The public health burden of hepatitis B underlines the importance of discerning the mechanisms that contribute to the virus’ heterogeneous clinical outcomes. Illumination of the constellation of risk factors that predispose chronically infected individuals to HCC remains an essential goal of HBV research. Indeed, significant progress has been made in defining the interplay between HBV and host immune responses. This body of research has shown that the oncogenic nature of HBV is largely a byproduct of the inflammatory environment it creates. The virus’ capacity to evade, exhaust and provoke dysynchronous immune responses fosters a pernicious inflammatory state within the liver that is susceptible to malignant transformation. Nevertheless, there remains much to be uncovered regarding the mechanisms that impair HBV-specific immune responses, particularly intrahepatic immune responses in CHB [Citation92]. Clarifying these mechanisms could guide potential immunomodulatory therapies in both CHB and HBV-related HCC [Citation93].

Future perspective

The impact of nonimmunological host factors on clinical outcomes with CHB remains largely unexplored terrain. As discussed here, this is particularly true regarding the implications of psychosocial stress in patients with CHB. While previous studies have shown psychosocial stress to be widely prevalent among patients with CHB, few studies have studied the immunological or clinical impact of chronic stress in this patient population. As CHB and chronic stress can cause both immune dysfunction and inflammation within the liver, there are shared and feasibly synergistic pathological effects. Moreover, chronic stress has also been shown to heighten individual’s risks of cancer, including liver cancer. Despite these similarities, there is a dearth of literature on the potential role of psychosocial stress in the development of HBV-related HCC. This paucity of data provides an opportunity for further exploration and the potential identification of key players of inflammation that could provide novel therapeutic approaches for CHB- and HBV-related HCC.

Executive summary
  • Hepatitis B remains a leading risk factor for hepatocellular carcinoma (HCC) despite the advent of antiviral therapy.

  • Clinical outcomes from chronic hepatitis B virus (HBV) infection vary and are influenced by a dysregulated host immune response. The underlying pathology of HBV-related HCC is similarly driven by persistent viral infection and an inappropriate inflammatory state.

  • Chronic stress can amplify and perpetuate inflammation that has negative consequences in both chronic liver disease and gastrointestinal malignancies.

  • Immune function in chronic hepatitis B is impaired by chronic stress. This raises a plausible relationship between chronic stress and HCC development in chronic HBV infection. However, few studies have examined the impact of chronic stress on the development of HBV-related HCC.

  • The paucity of research investigating the interplay between HBV-related HCC development and chronic stress warrants investigation at the pathophysiological and clinical level.

Author contributions

HW Hann conceived the idea for the manuscript. All authors were involved in the writing, editing and drafting of the manuscript.

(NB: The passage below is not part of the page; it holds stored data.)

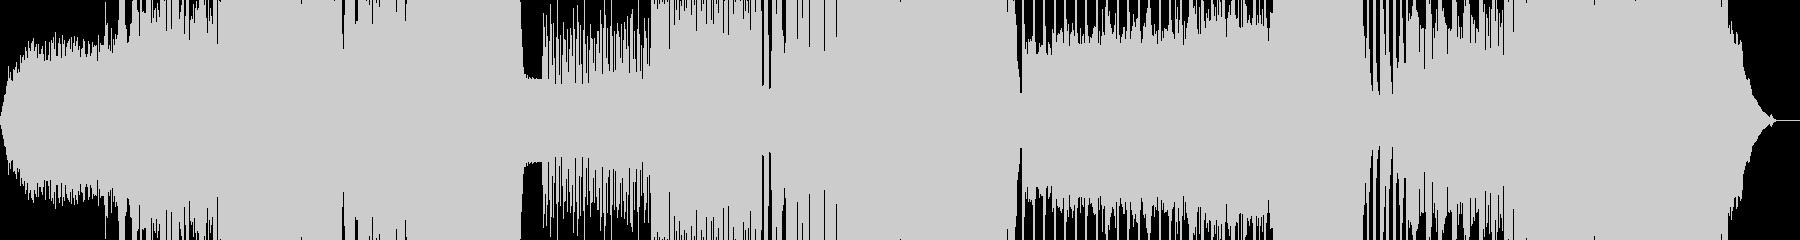 展開の多いプログレッシブデジタルロックの未再生の波形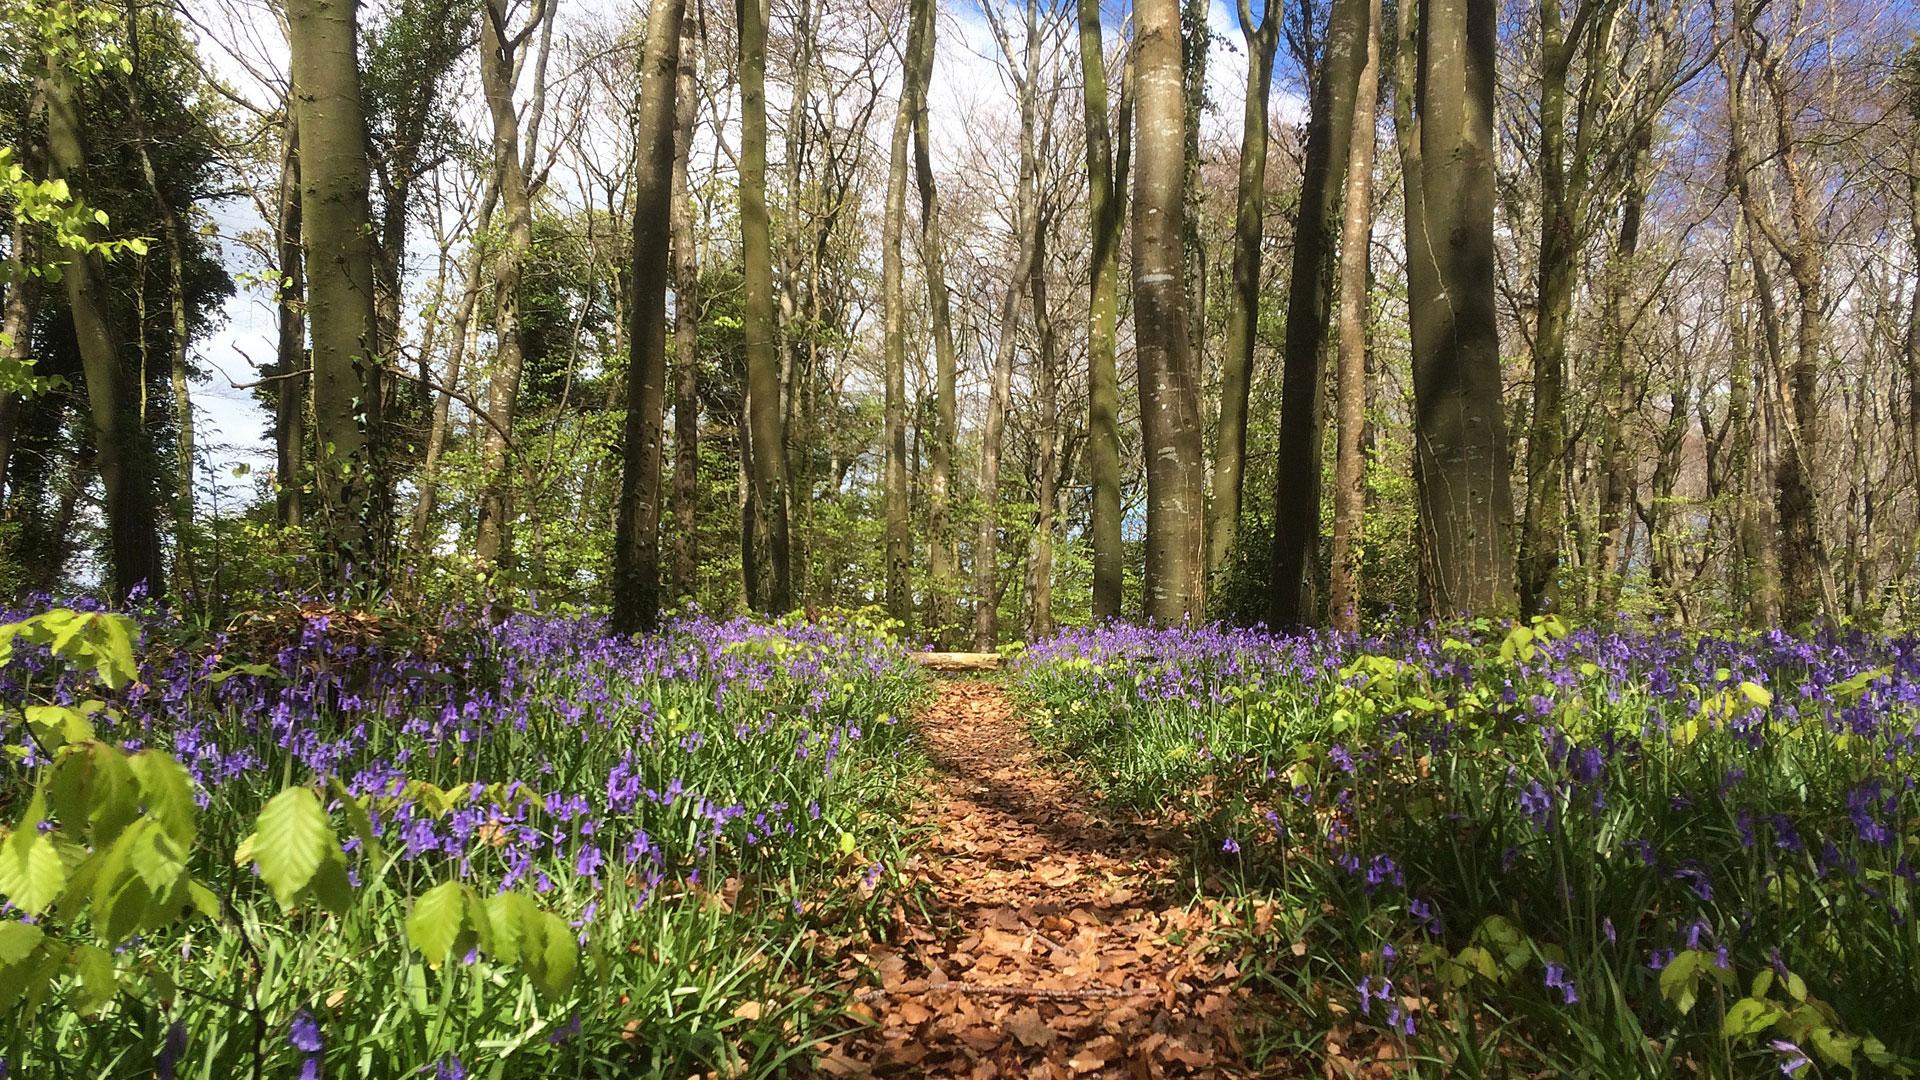 Capponellan Wood, Durrow – April 26th 2017.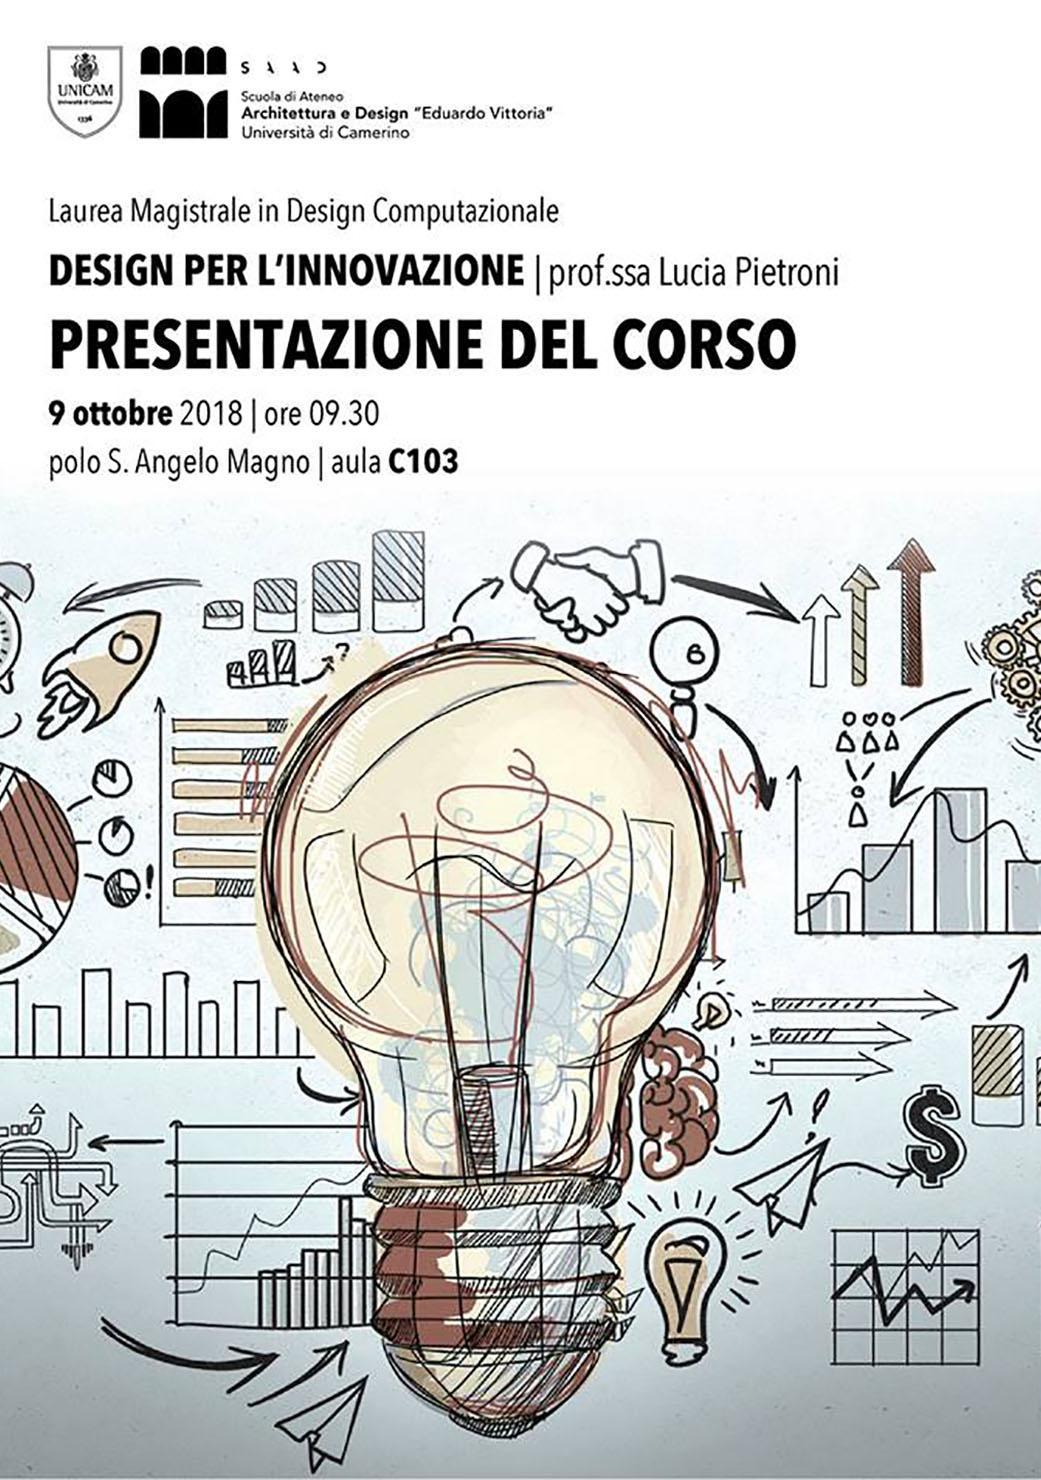 design per l'innovazione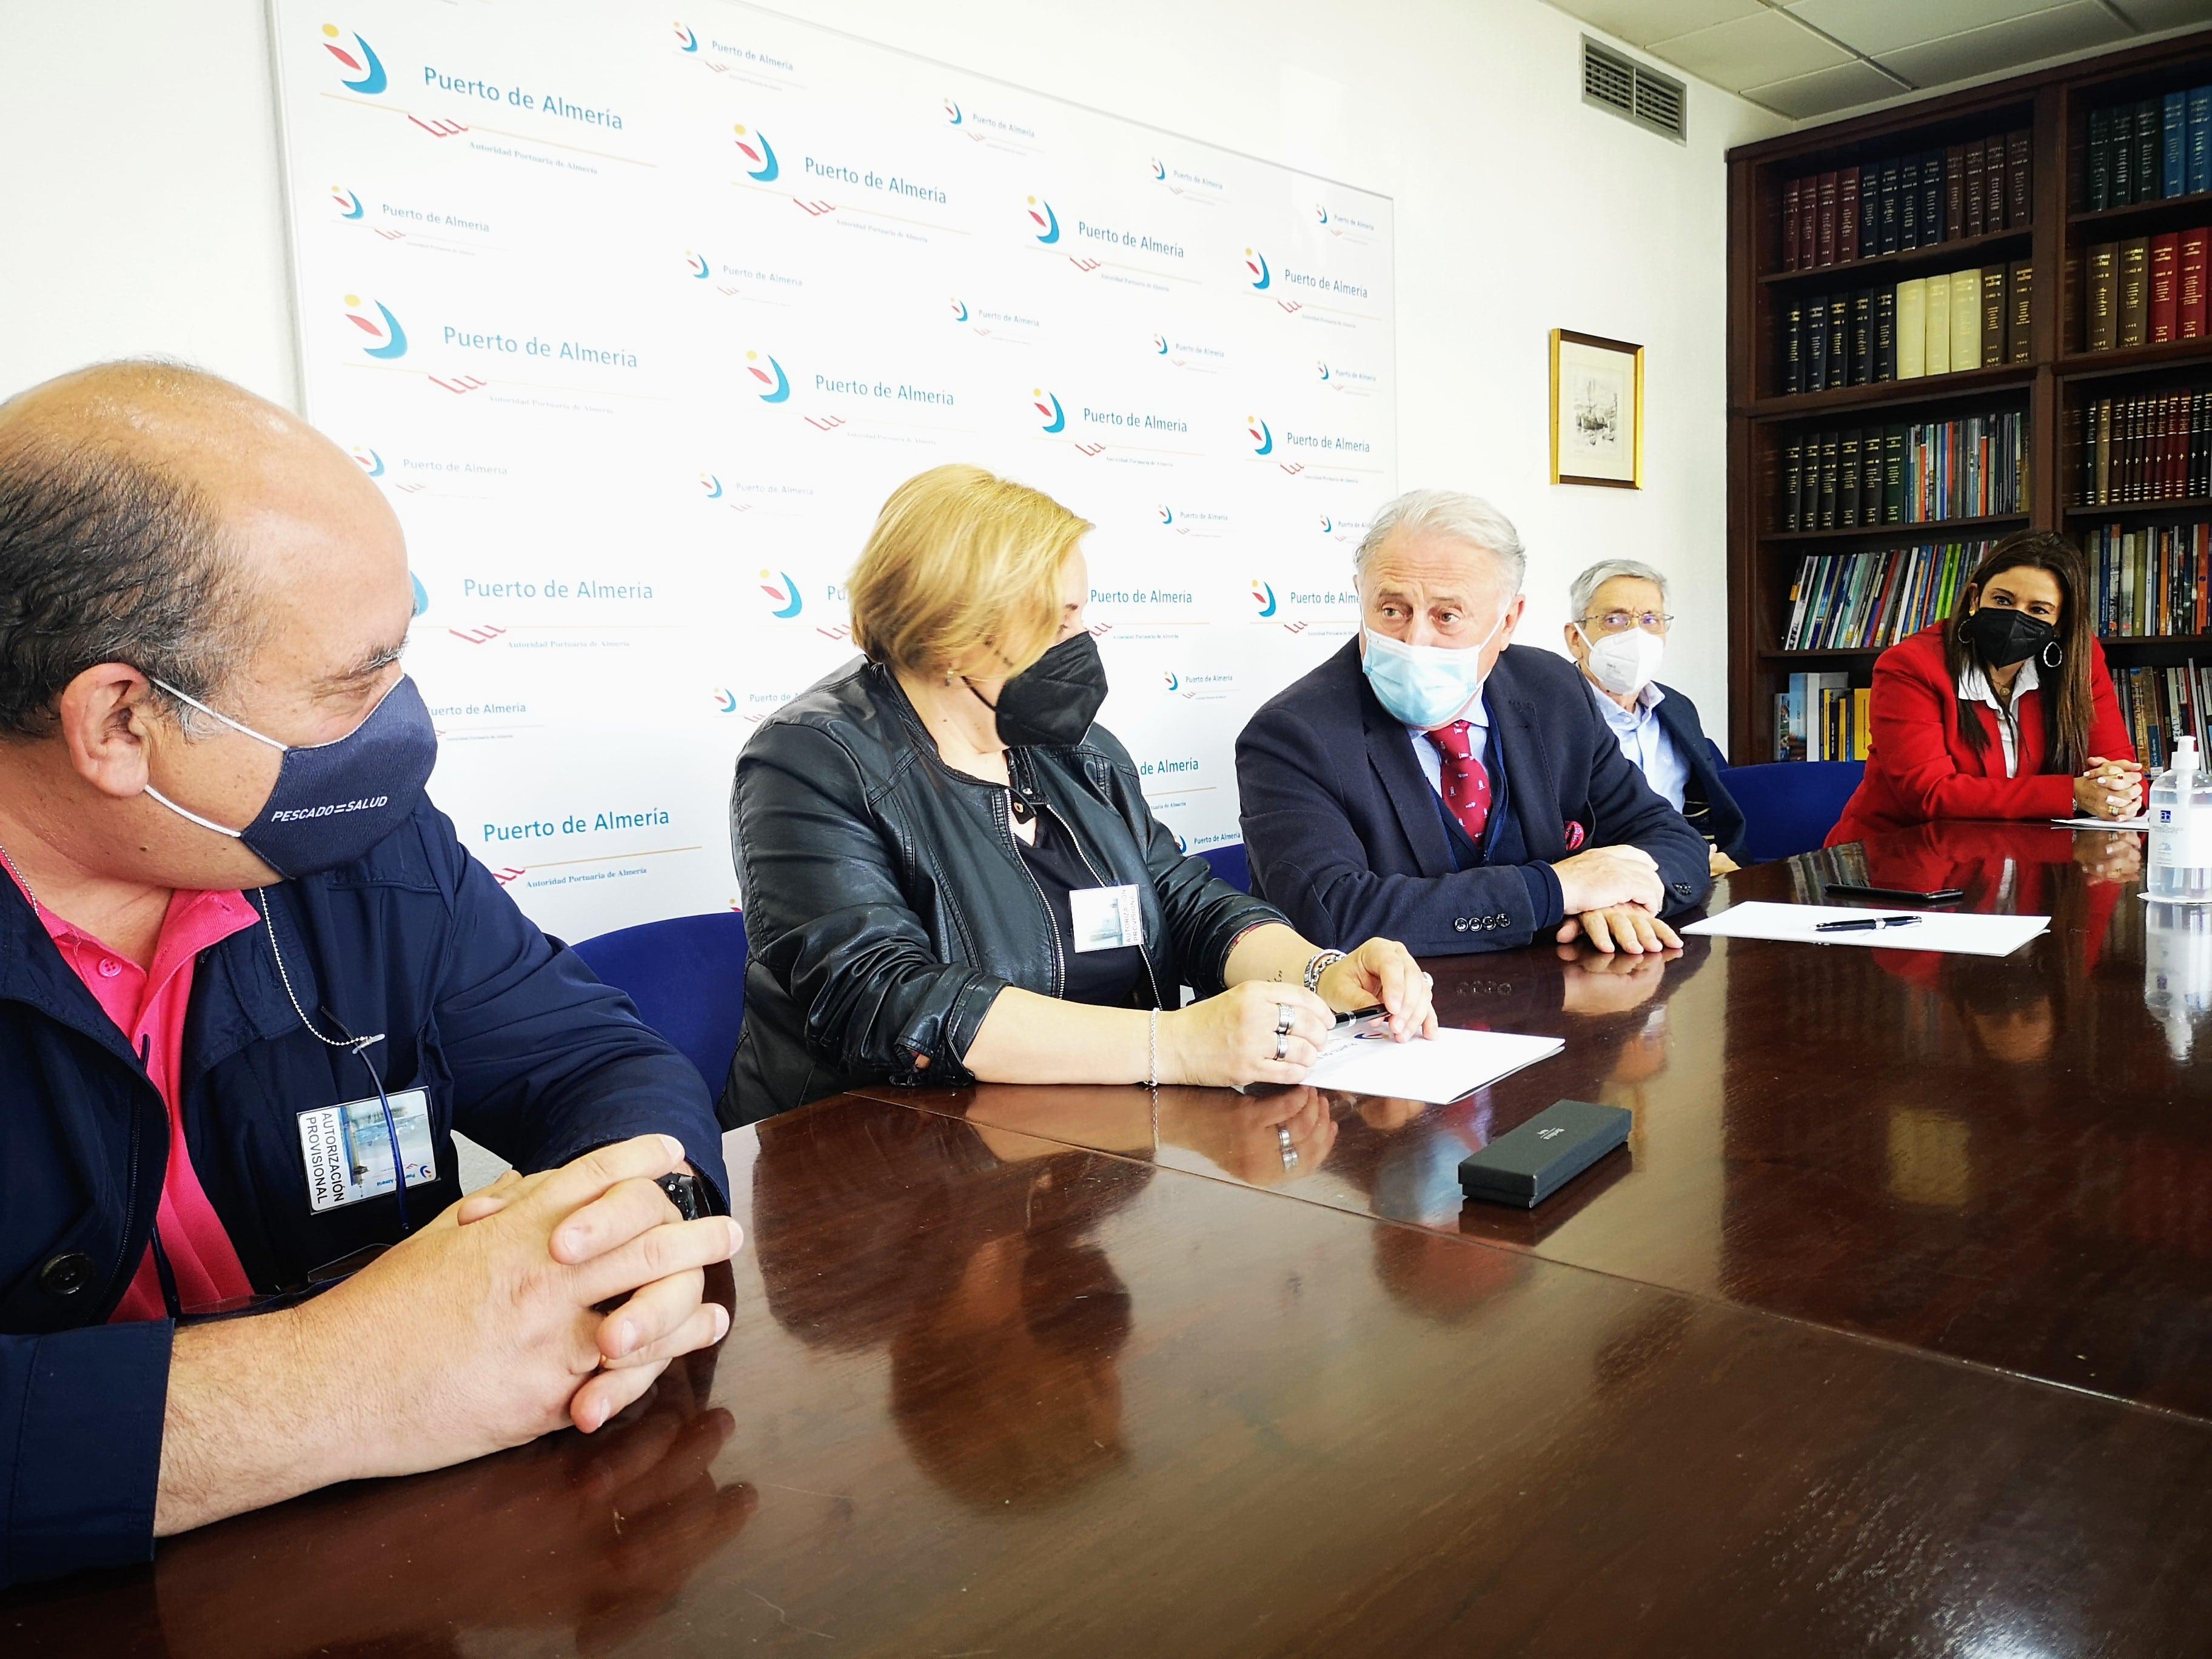 El Puerto de Almería y Asopesca firman un convenio para la gestión de residuos generados por barcos de pesca

Financial & competing interests disclosure

The authors have no relevant affiliations or financial involvement with any organization or entity with a financial interest in or financial conflict with the subject matter or materials discussed in the manuscript. This includes employment, consultancies, honoraria, stock ownership or options, expert testimony, grants or patents received or pending, or royalties.

No writing assistance was utilized in the production of this manuscript.